Start of Dataset excerpt
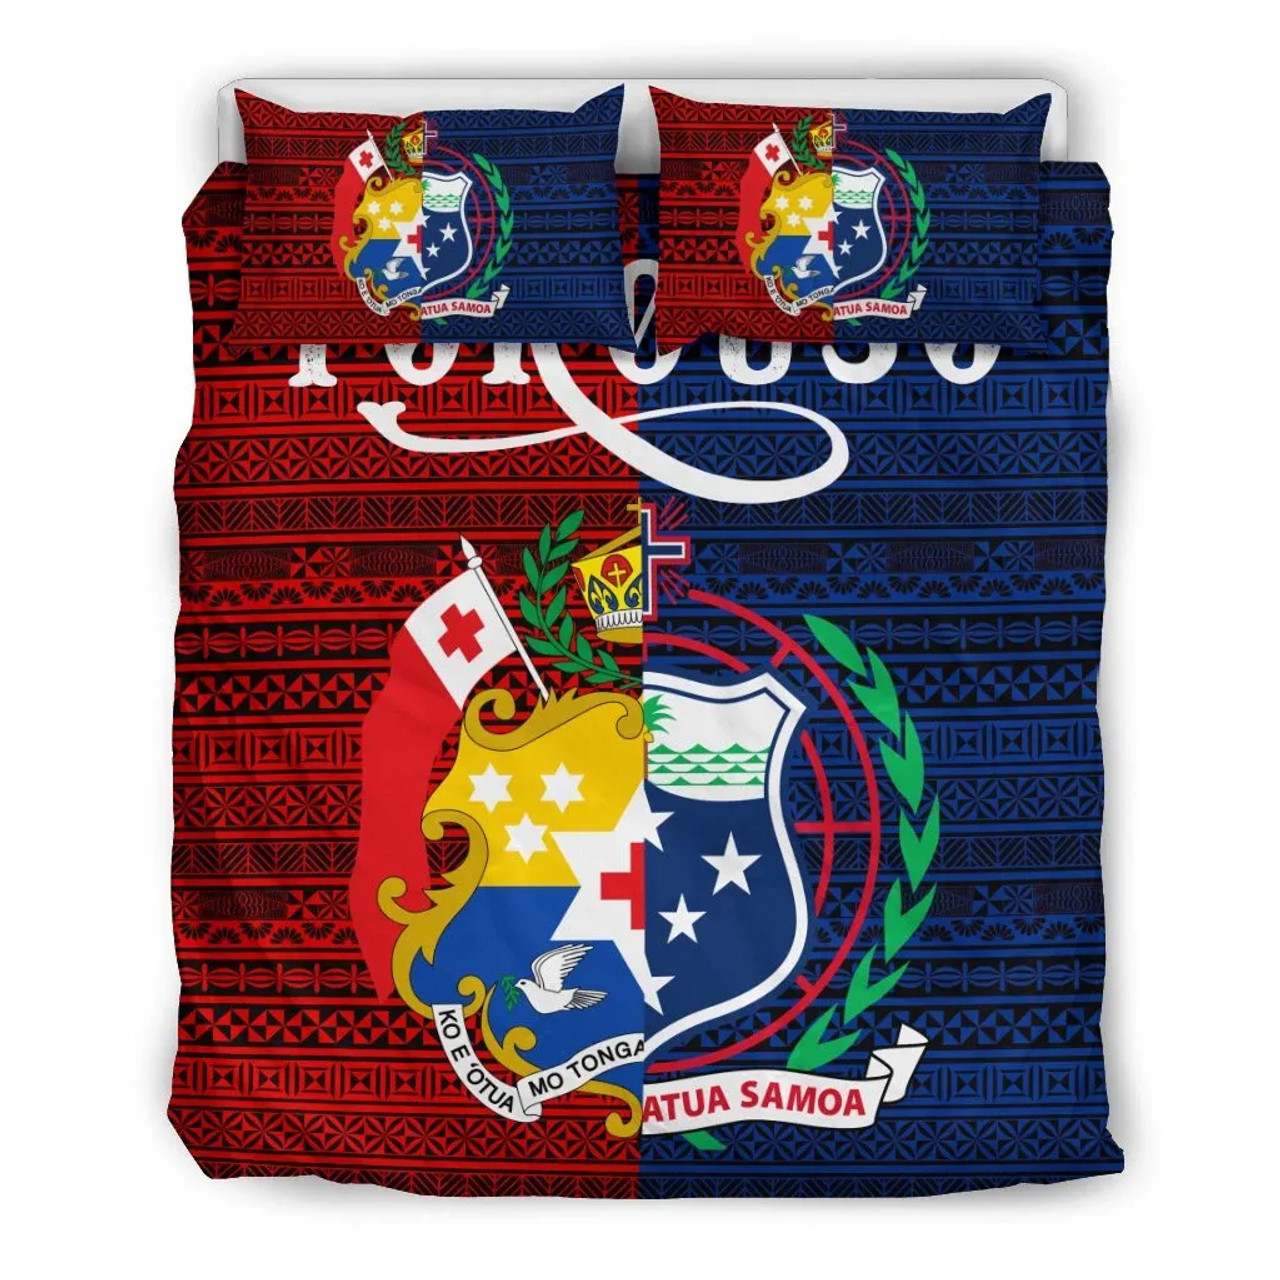 Tokouso Duvet Cover Set - Tokouso Coat Of Arms 1 2
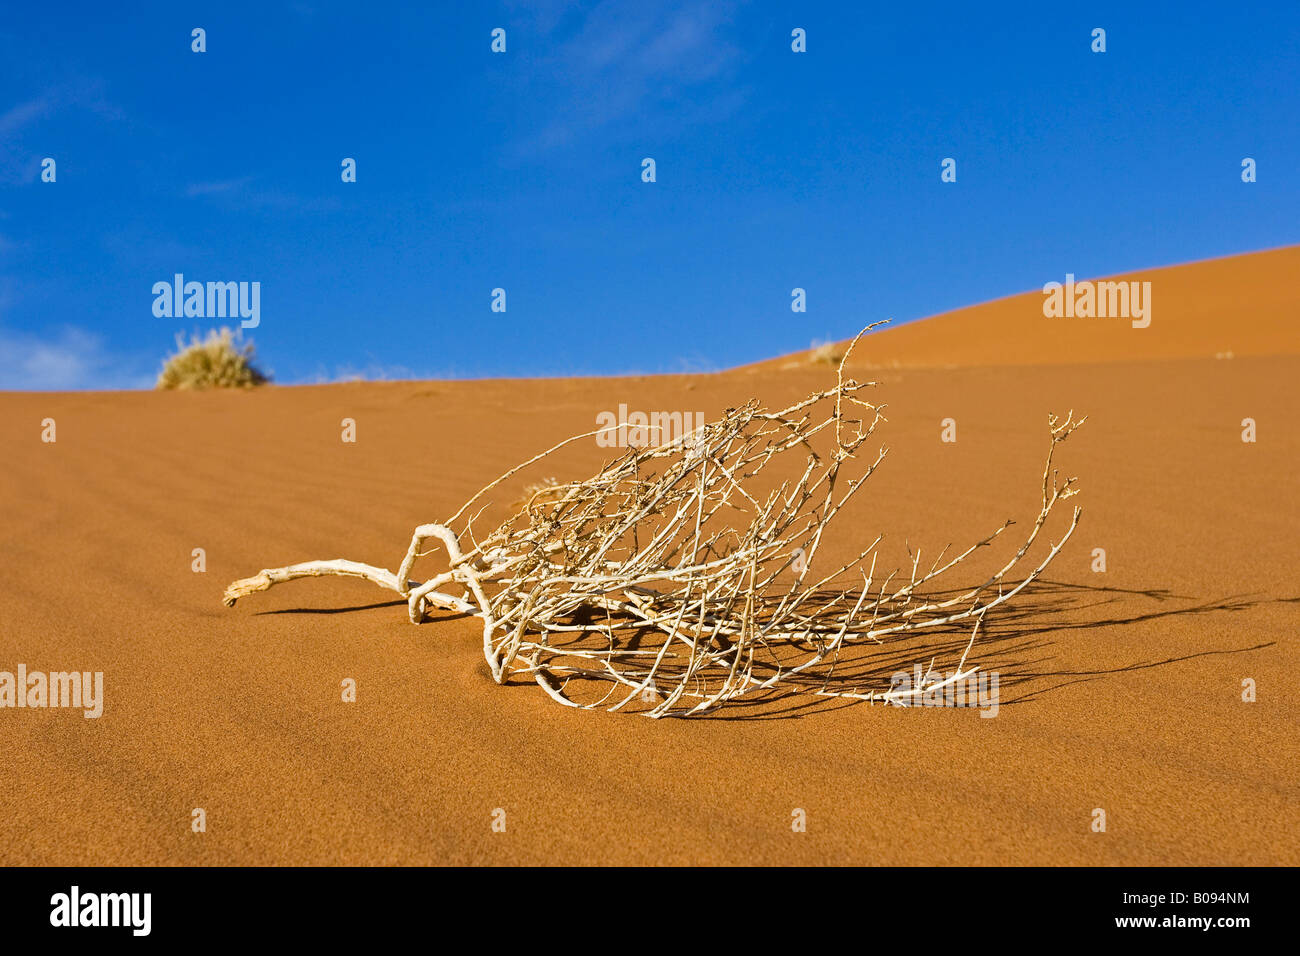 Dried up bush twigs on a sand dune in Deadvlei, Namib Desert, Namibia, Africa Stock Photo
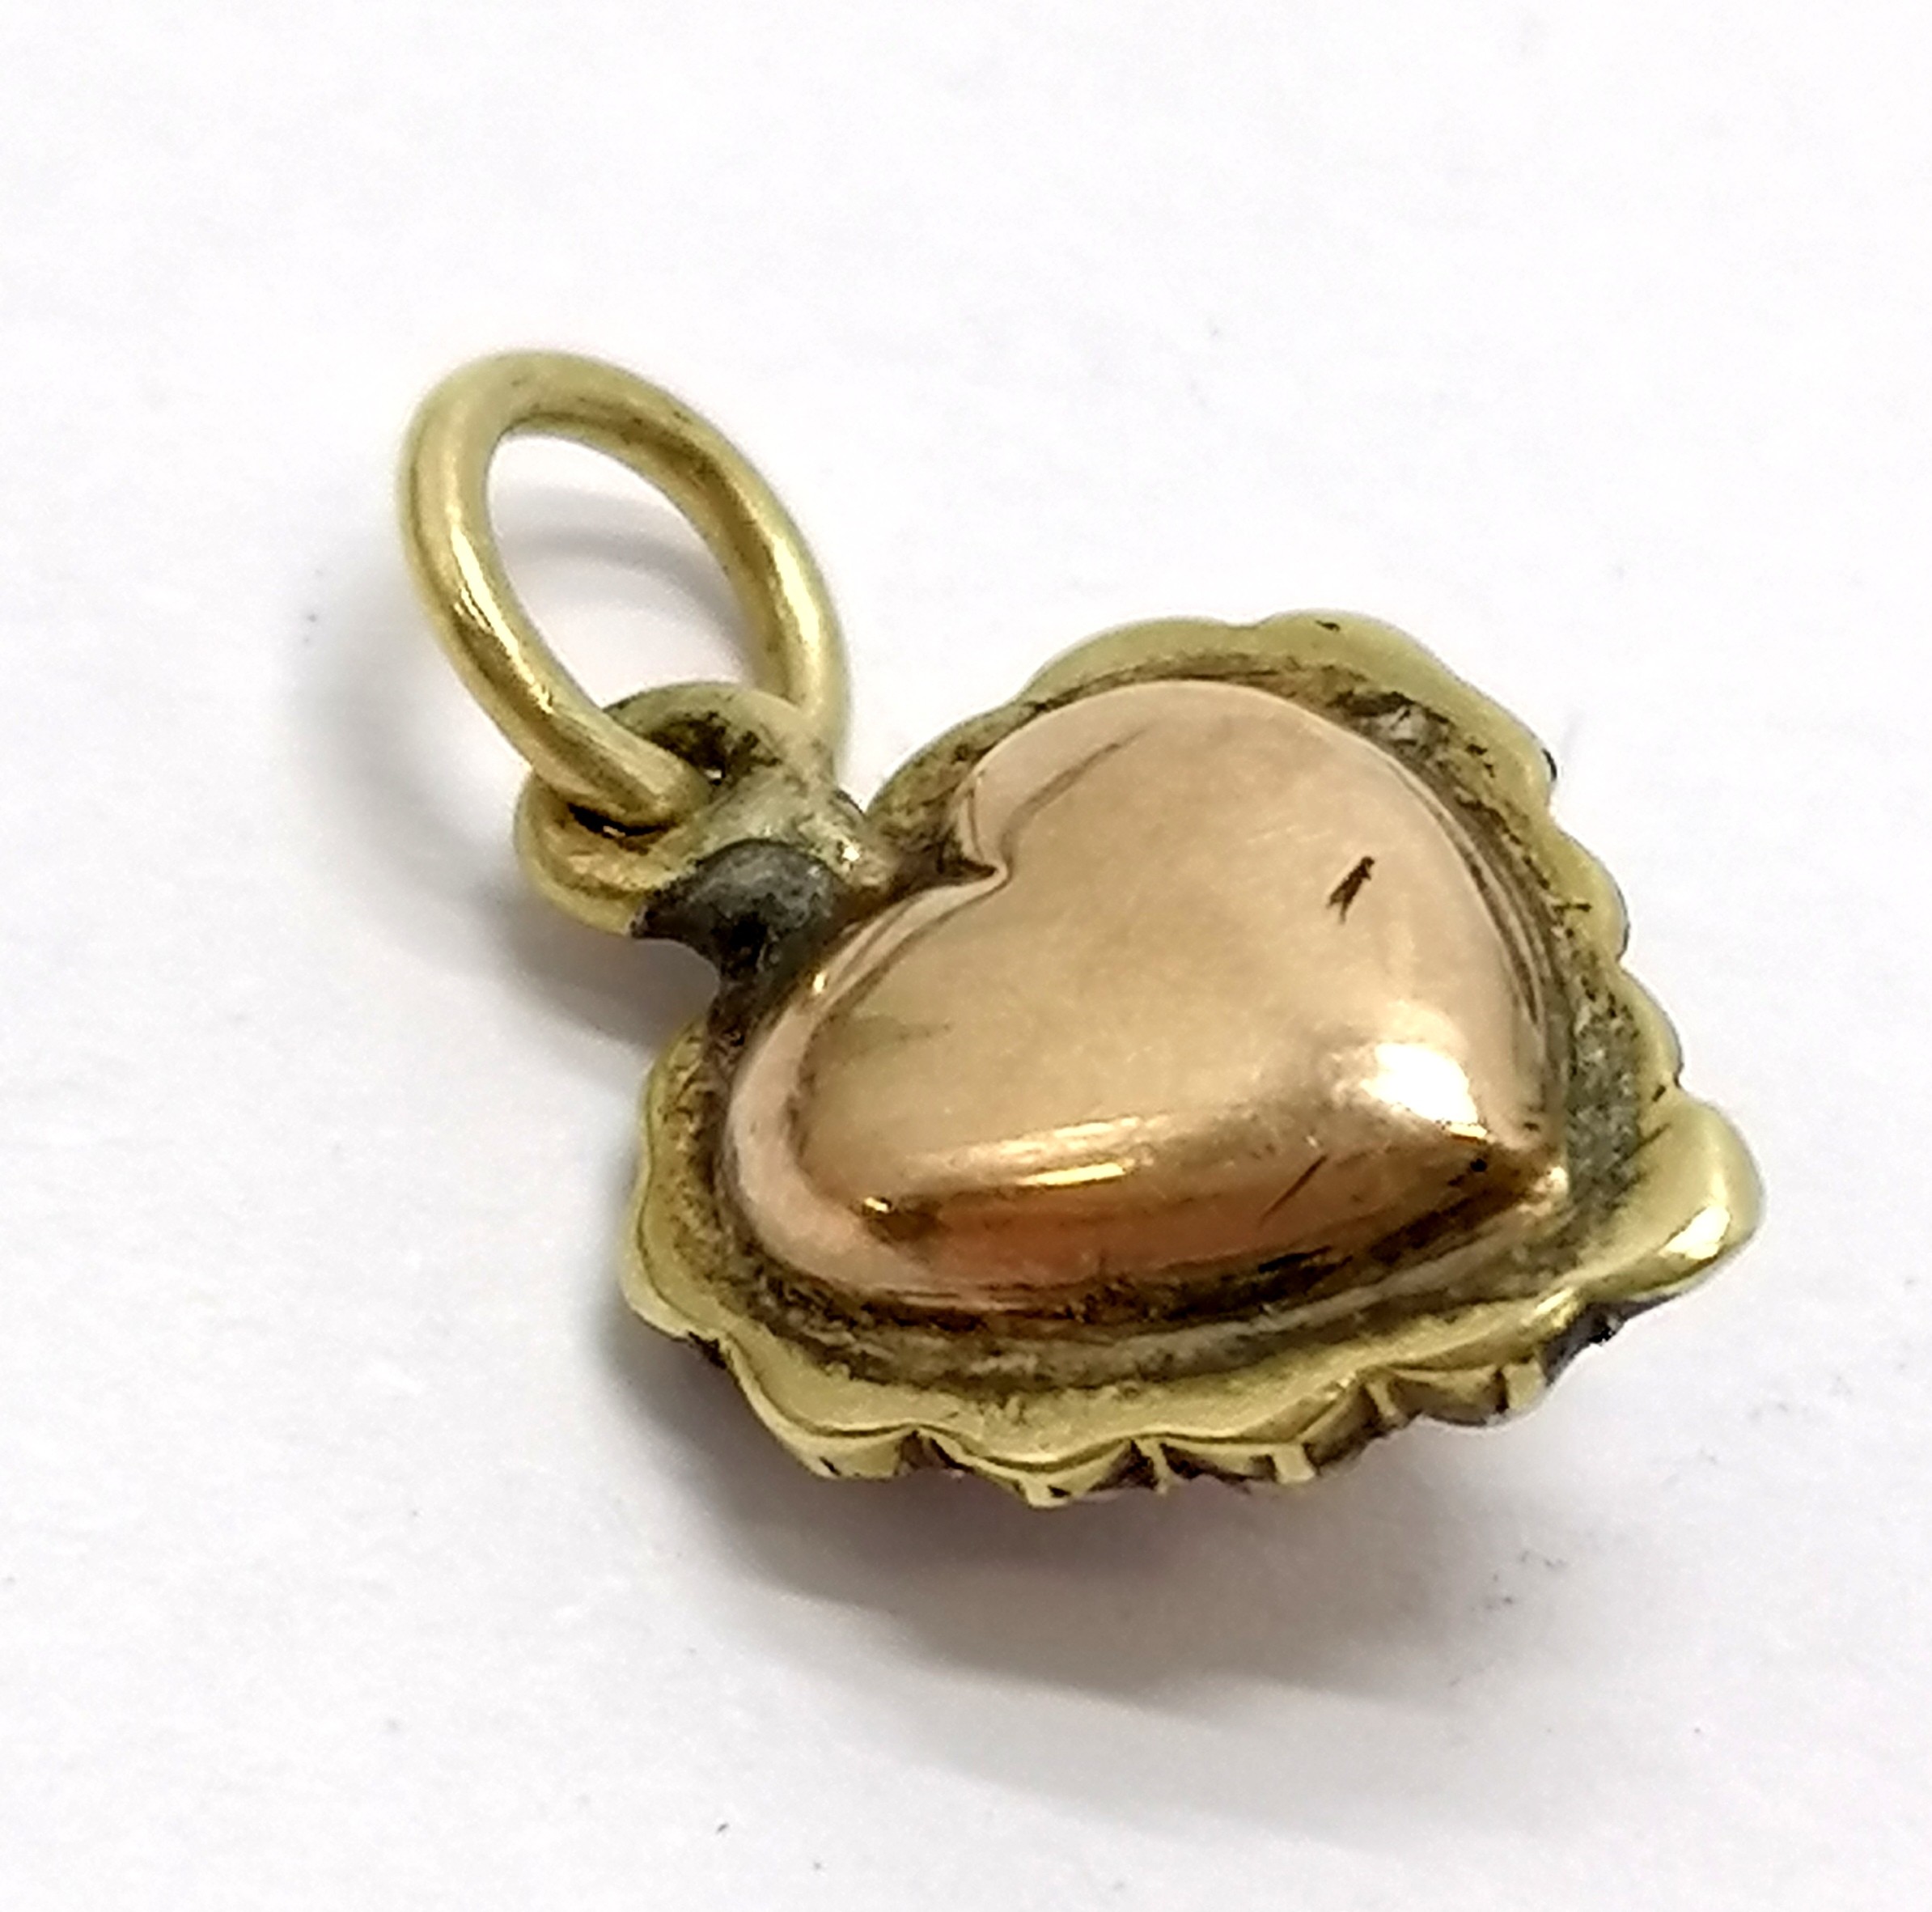 Unmarked antique gold heart small pendant with red enamel & pearl detail (1 missing) - 1.5cm - Image 2 of 2
End of Dataset excerpt
Work item: Every line above should be output exactly, except for the pictures.

Exercise response:
 Tokouso Duvet Cover Set - Tokouso Coat Of Arms 1 2
 Dried up bush twigs on a sand dune in Deadvlei, Namib Desert, Namibia, Africa Stock Photo
 Unmarked antique gold heart small pendant with red enamel & pearl detail (1 missing) - 1.5cm - Image 2 of 2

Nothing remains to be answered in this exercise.